Je reportais mon attention vers l'extérieur alors que nous approchions d'une limite de zone touristique. C'était assez facile à repérer, nos gardes s'étaient tendus à vue d'œil.

Dans les zones contrôlées par les Yakuzas, les immeubles étaient presque noirs. La plupart étaient même assez délabrés. Et pourtant, j'avais toujours trouvé ces zones bien plus belles que les zones touristiques, où chaque immeuble était une copie conforme de son voisin. Où tout était d'un blanc immaculé. Où chaque coin de rue était surveillé. Et où aucune Histoire ne s'échappait. Tout était uniformisé. Comme dans chaque ville que notre nouveau gouvernement avait sauvée. « Il ne faut garder aucune trace du passé et avancer vers l'avenir ». Mon cœur se serra malgré moi.

La loi n'empêchait bien évidemment pas d'apprendre l'Histoire, mais les informations étaient triées pour ne garder que les grandes lignes. Il s'agissait simplement de comprendre le passé pour ne pas reproduire les mêmes erreurs. C'était la seule utilité que l'on pouvait tirer de l'Histoire. Je ne pus réfréner le frisson qui me parcourut l'échine. Pourtant, il ne faisait pas si froid dans la fourgonnette. Il faisait même plutôt chaud si on considérait que les deux montagnes de muscle qui me collaient devaient avoisiner les 40° Celsius.

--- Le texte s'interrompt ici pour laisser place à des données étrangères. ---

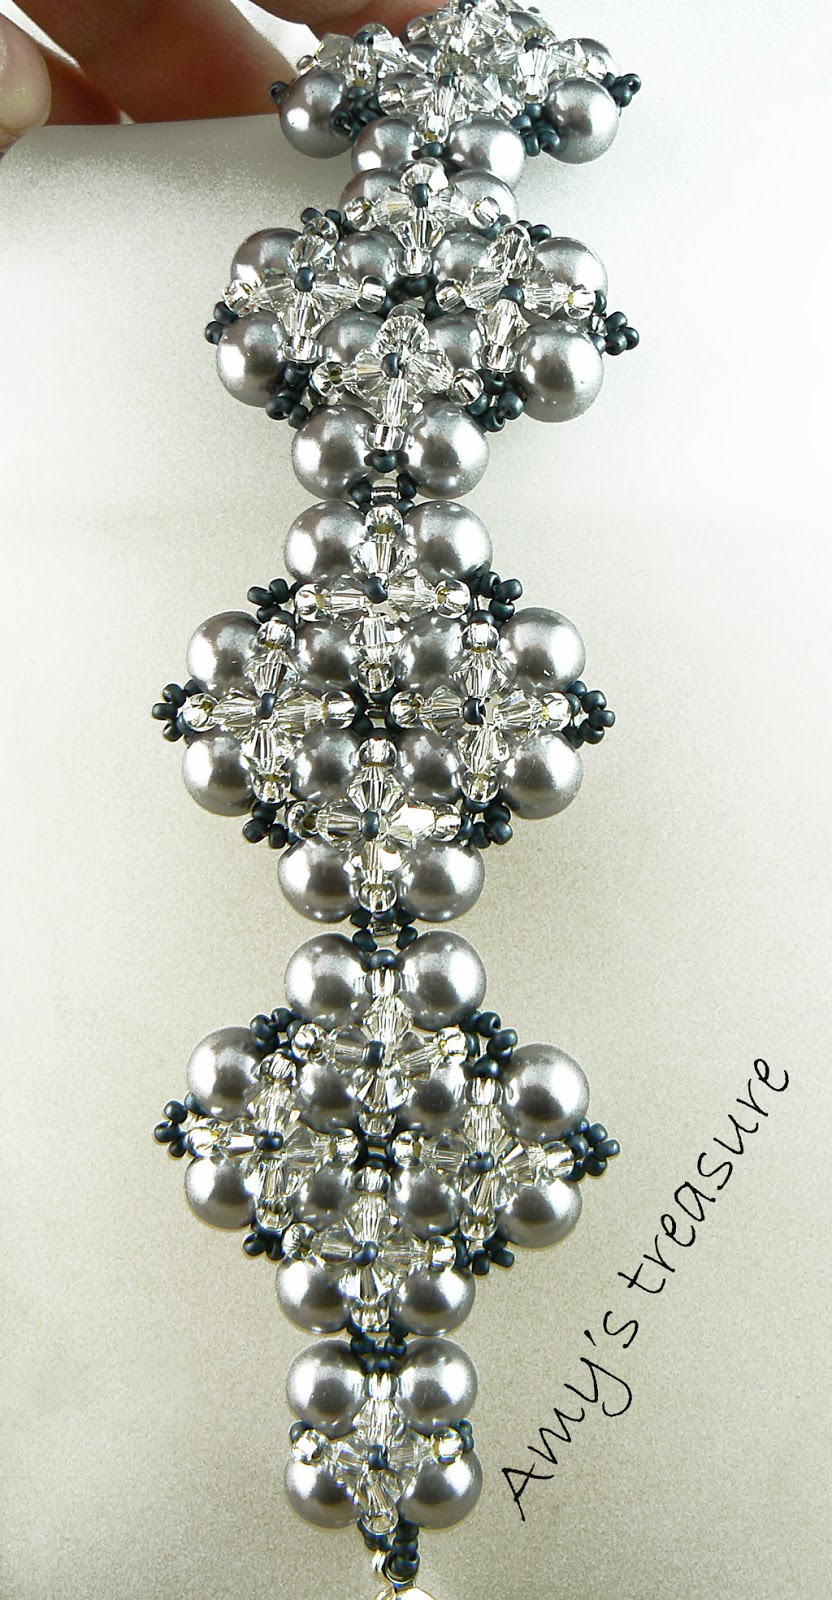 Amy's treasure: Winterglow bracelet

- Tu devrais aller en ville avec Hannah. Ça te ferait travailler ton Japonais. D'après tes professeurs, tu manques de pratique. C'est une occasion rêvée non ?

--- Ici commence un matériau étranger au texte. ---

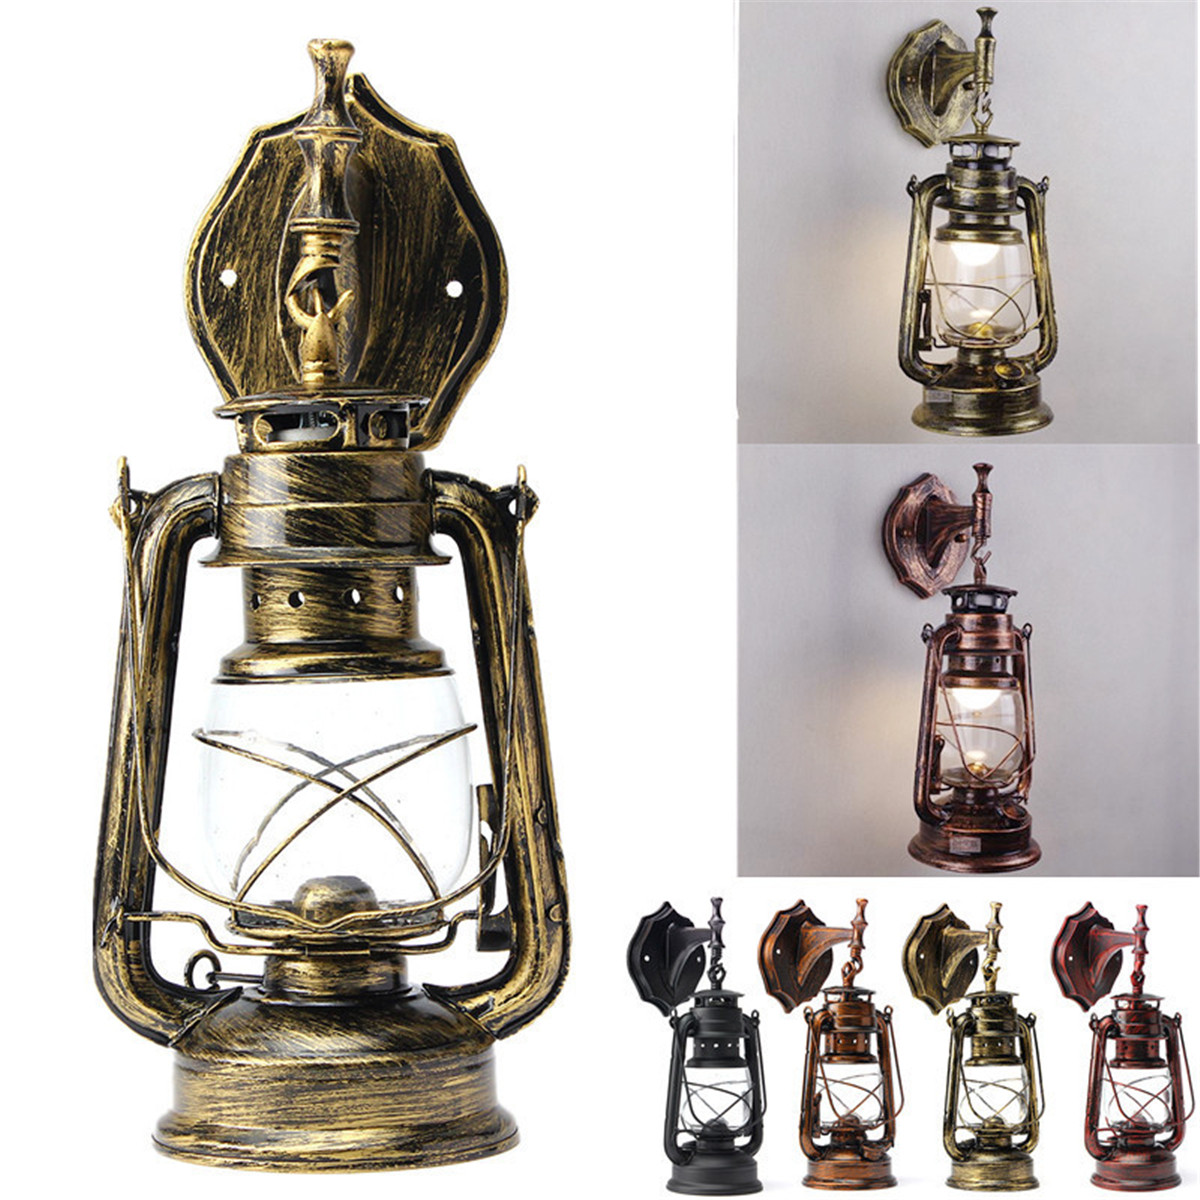 E27 Retro Classic Kerosene Lamp Wall Light Sconce Holder Portable Lights Adornment Bar Club Coffee Shop Restaurant Home Decor

Je sursautai en entendant mon père. Il se fichait de moi n'est-ce pas ? J'étais presque sûre d'être aussi tendue que nos gardes à cet instant. Comment je le savais ? Ils se sont écartés de moi.

- Bien sûr que non.

Je prenais sur moi pour garder un ton neutre. Il le savait pourtant que sortir dans les rues était ma pire hantise. Je vis mon père s'agacer immédiatement, réveillant ma mère par la même occasion.

- Tu seras dans les quartiers sécurisés. Et sous bonne garde. D'ailleurs, ce n'était pas une question, tu sortiras travailler la langue.

Je vis ma mère froncer les sourcils. Oh oui, dites-moi qu'elle va comprendre et m'aider. Je sentis mon corps se mettre à trembler. Des quartiers sécurisés hein. Mais bordel, comment pouvait-il croire que ce pays sera un jour sécurisé pour moi. Je fus obligée de serrer les dents pour calmer ma voix.

- Raison de plus pour ne pas sortir. Les locaux ne parlent pas japonais dans ces quartiers.

Ma mère se frottait le front comme pour essayer de comprendre ce qui était en train de se jouer. C'est quelque chose que je n'ai jamais compris. Mon père doit être l'un des hommes les plus intelligents de la Terre, mais dès qu'il s'agit de comprendre les sentiments, il devient plus con qu'une huitre. Non, réflexion faites, c'est trop dégradant pour l'huitre.

- Tu es une fille intelligente, alors arrête de faire l'idiote. Ce n'est pas un débat que je te propose. Tu sortiras avec ta mère, point. Et si tu veux négocier, ce sera avec les commerçants sur le prix de leurs articles.

- Joji...

Ma mère n'eut pas le temps de compléter sa phrase avant que son mari ne l'assassine du regard. Elle dévia son regard sur moi, désolée. Alors comme ça s'est décidé, je vais devoir foutre les pieds dehors. Formidable.